What is needed: The listing below has to be output exactly as given, less its pictures.

Exercise data:
== Segment start ==
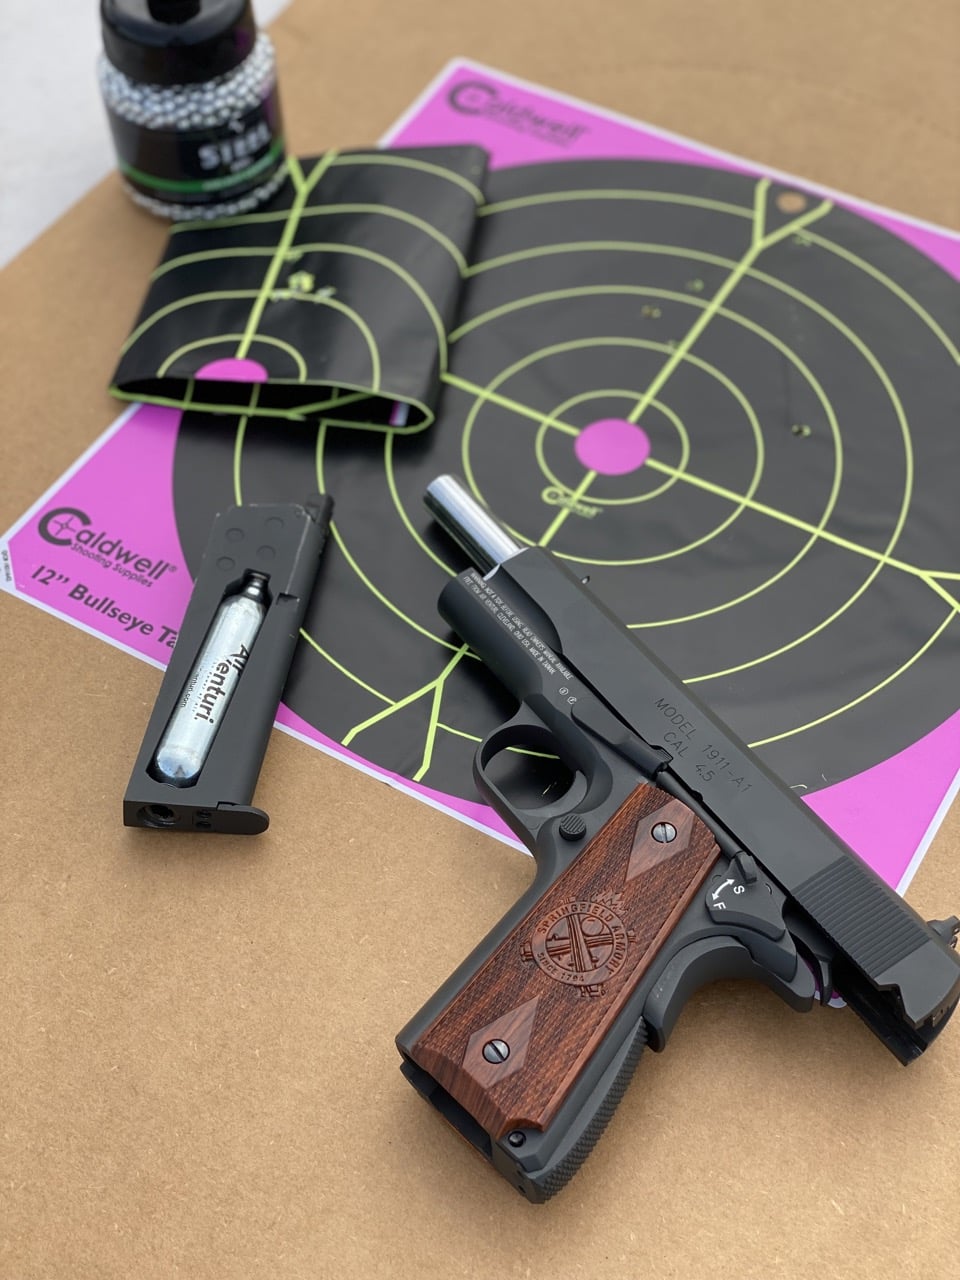 Accuracy testing at 5 and 7 yards
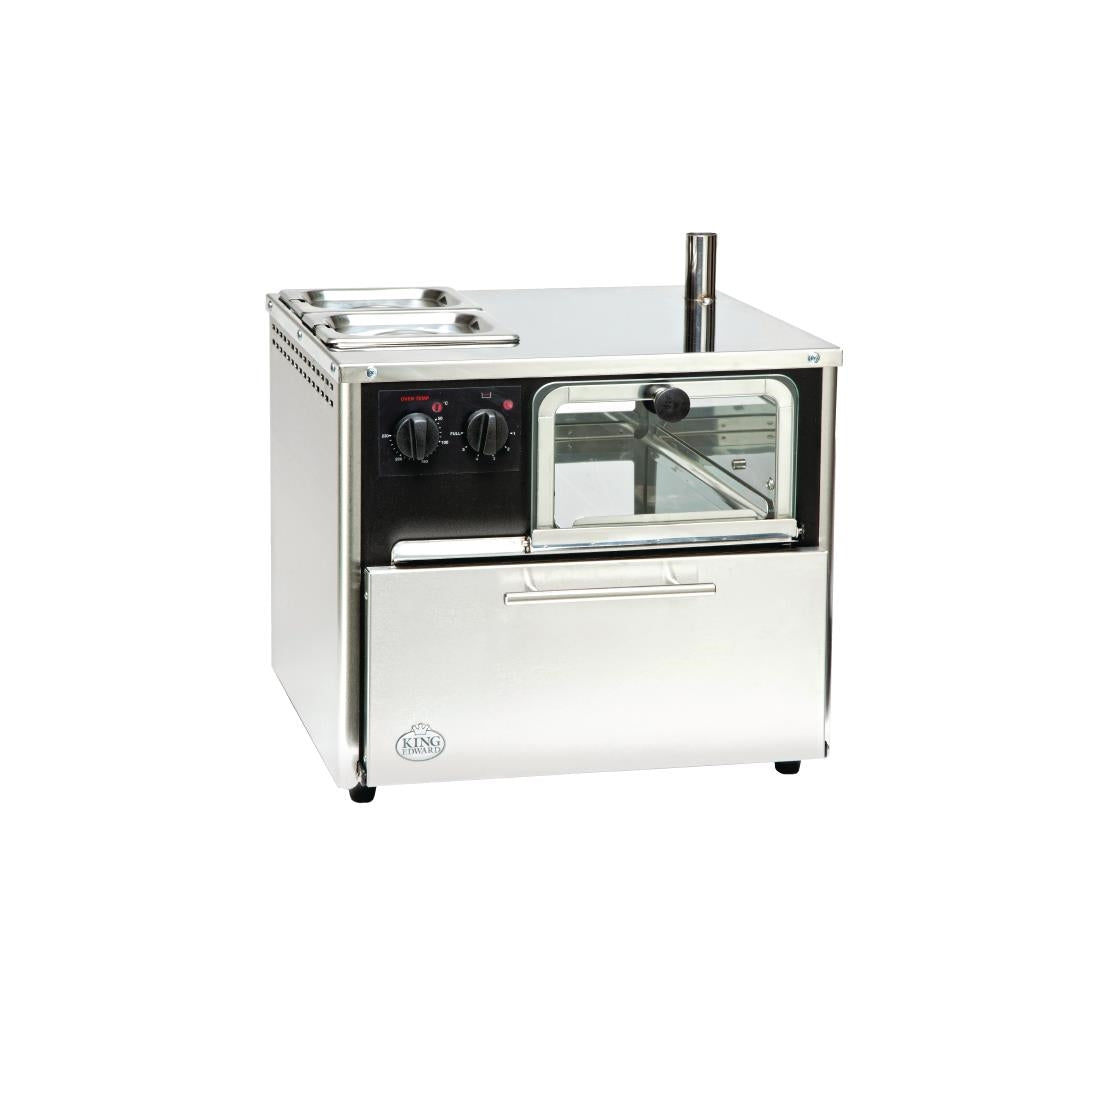 King Edward Compact Lite Oven Stainless Steel COMPLITE/SS.Product Ref:00675.Model:COMPLITE/SS. 🚚 3-5 Days Delivery
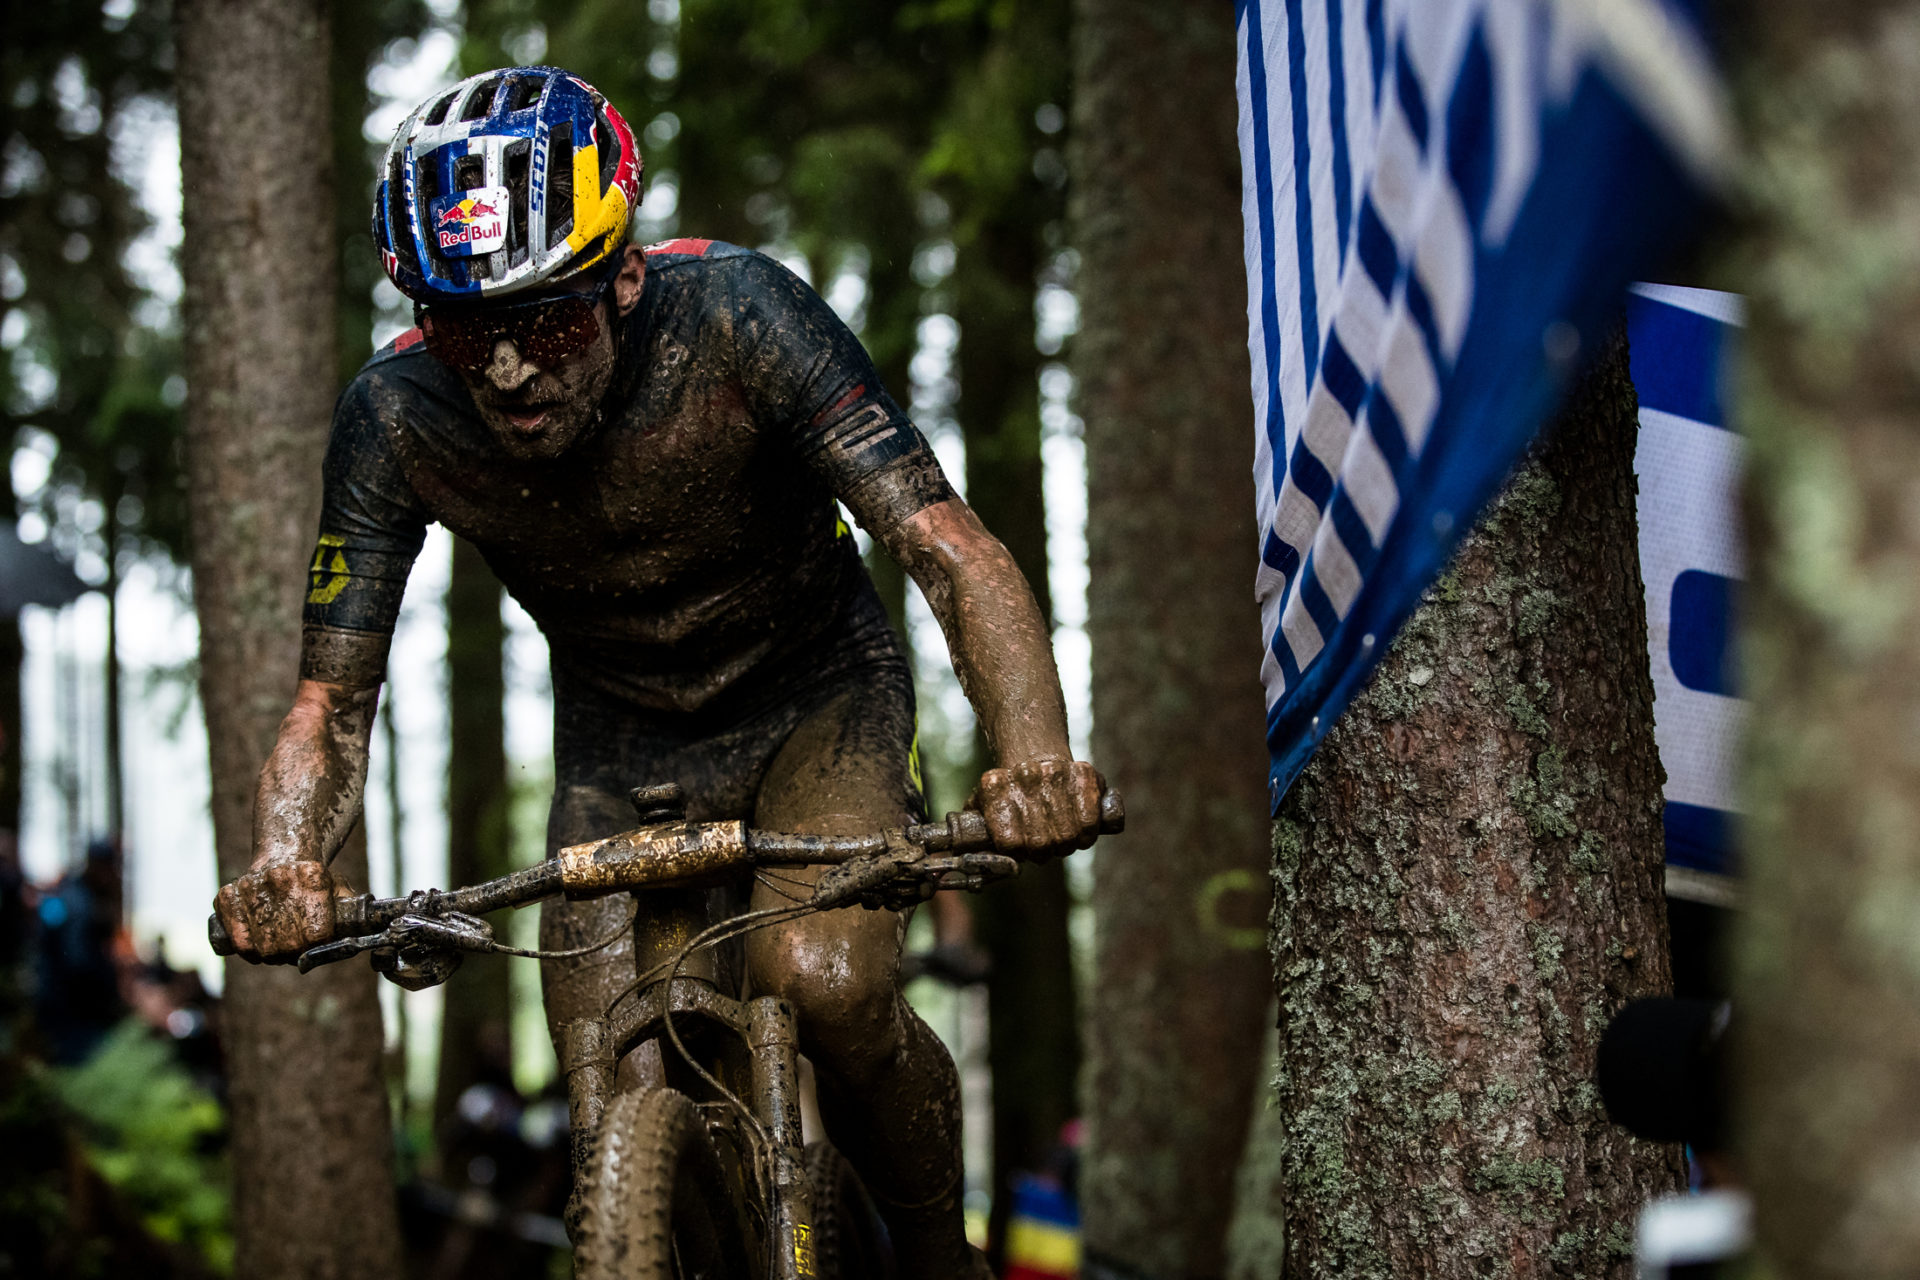 Muddy conditions for racers
== Segment end ==
Written solution:
 Accuracy testing at 5 and 7 yards
 King Edward Compact Lite Oven Stainless Steel COMPLITE/SS.Product Ref:00675.Model:COMPLITE/SS. 🚚 3-5 Days Delivery
 Muddy conditions for racers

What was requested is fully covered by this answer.